Houthi social media, opinion writers, the parliament, and the foreign ministry had all issued statements. The political council floated Yemeni sovereignty over Bab al-Mandeb, which is the usual bluster we have come to expect from the Houthis. The foreign ministry framed the ceasefire as an opportunity for Gulf states to rethink their alliances with Washington, while Houthi outlets examined and gleefully amplified US and Israeli self-criticism, from the New York Times to Ma’ariv. Throughout all of it, Houthi officials and Iranian state media in Arabic reinforced each other in a closed loop designed to look like a consensus.

Naturally, the Houthis need this to be their victory because, without Iran’s war, they are a movement governing one-third of a country that has slipped from the center of regional priorities. The ceasefire gave them twenty-four hours of relevance, and they used every minute of it. Here is what we found.

The first theme we observed was straightforward triumphalism, as expected, and this was emphasized by many senior leaders in the Houthi establishment. Their Shura Council member (Abdulsalam Jahaf) mocked both Trump and Netanyahu for finding themselves a way out and called Trump “the liar of the age.” A member of the Political Bureau (Salim Al-Moghales) stated that Trump spoke about Iran’s conditions with deference, which is bizarre given the apocalyptic framing Trump had adopted barely a day before. Naturally, their framing was unambiguous. The ceasefire was not a negotiated outcome but a capitulation of the United States, extracted by force.

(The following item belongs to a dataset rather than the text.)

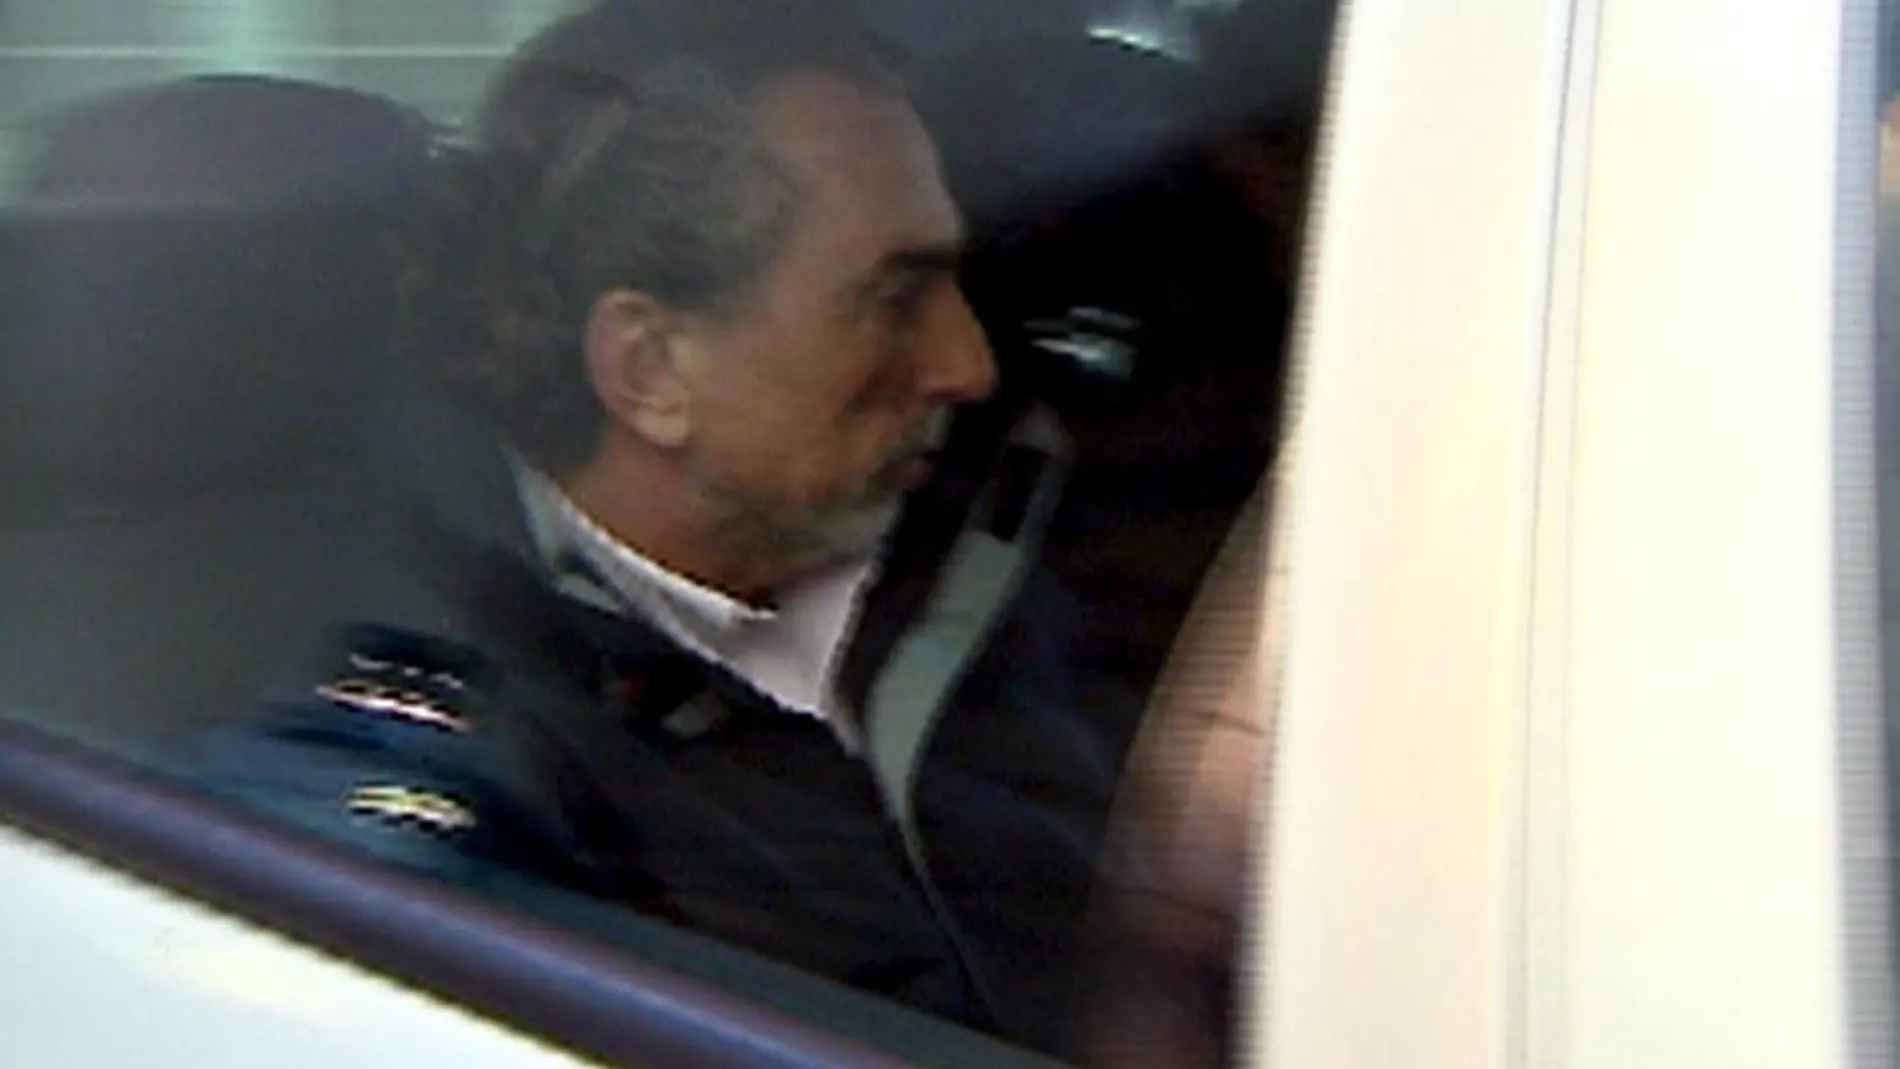 Imagen captada de Efe TV del presunto cabecilla de la trama "Gürtel", Francisco Correa, en uno de sus traslados

Houthi media featured a cartoon depicting Trump drowning in Iran while agreeing to a ceasefire. The visual captures the movement's core framing: that the ceasefire was not on US terms, but a capitulation under duress.

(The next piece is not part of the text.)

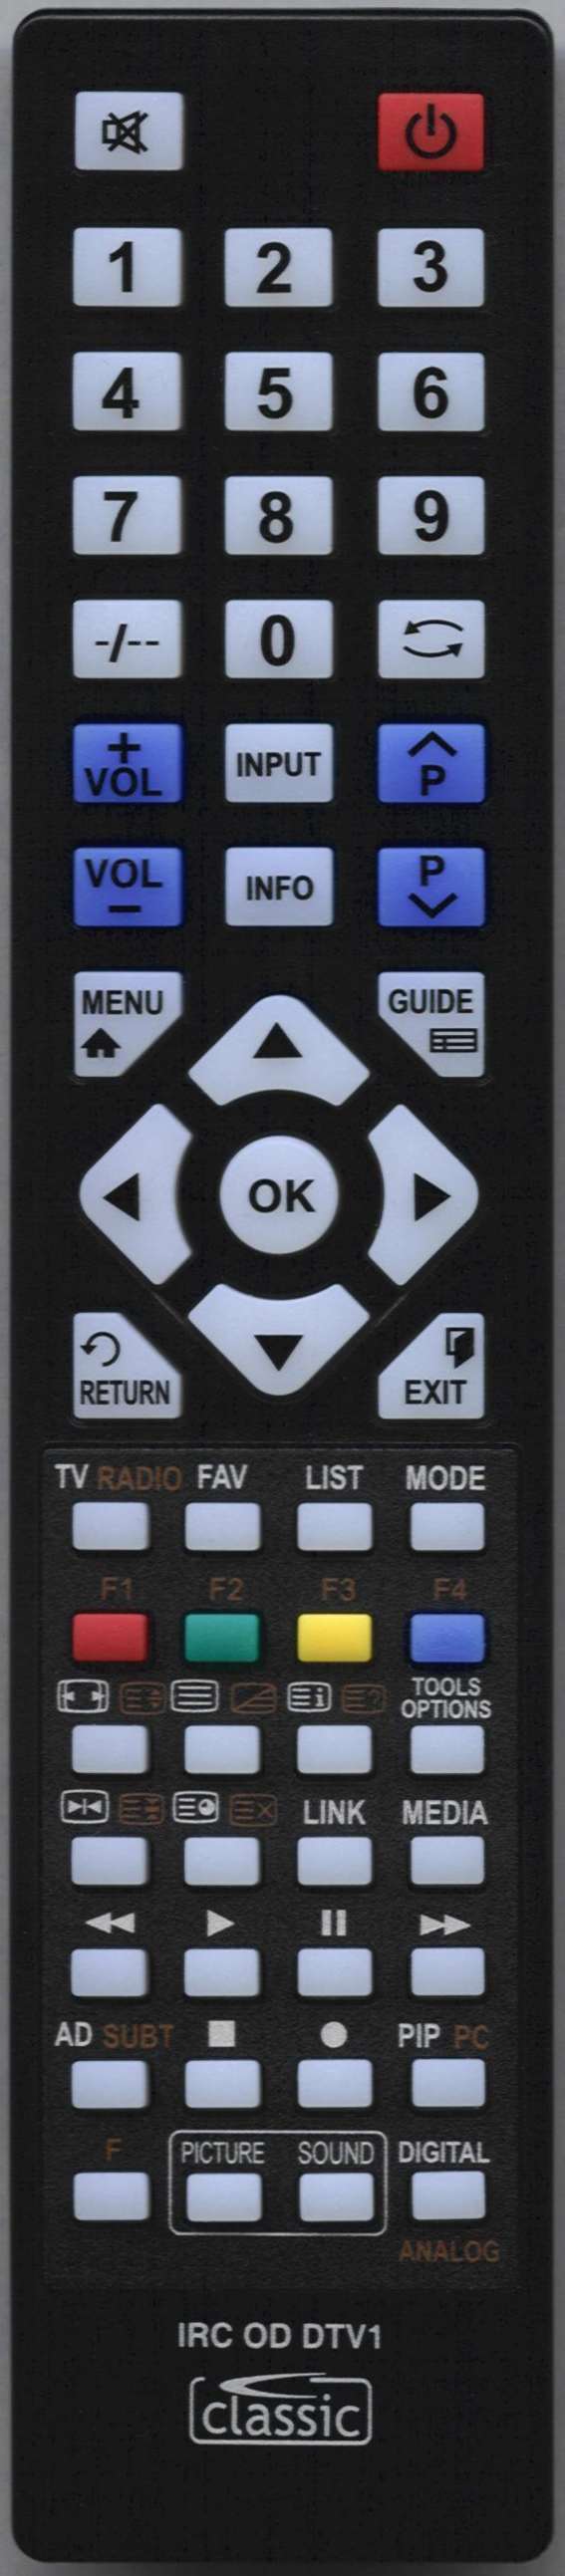 UMC Q19/4 Remote Control Alternative

The second was the insistence that no ceasefire is legitimate unless it includes Lebanon, a threat that gained urgency following Israel’s unexpected strikes after the announcement, roughly a hundred missiles in ten minutes. Jahaf warned that Iran would withdraw from the agreement if strikes on Lebanon continued, which is interesting because he was speaking on behalf of Tehran. The head of the Houthis’ Media Authority amplified Araghchi’s statement that America must choose between a full ceasefire and war through Israel. This is worth noting because last year, the Houthis had their very own ceasefire with the United States but continued to attack Israel without a problem. In any case, the purpose here is for the Houthis to keep the conflict frame alive and position themselves as stakeholders in theaters well beyond Yemen, which is what they have been doing recently.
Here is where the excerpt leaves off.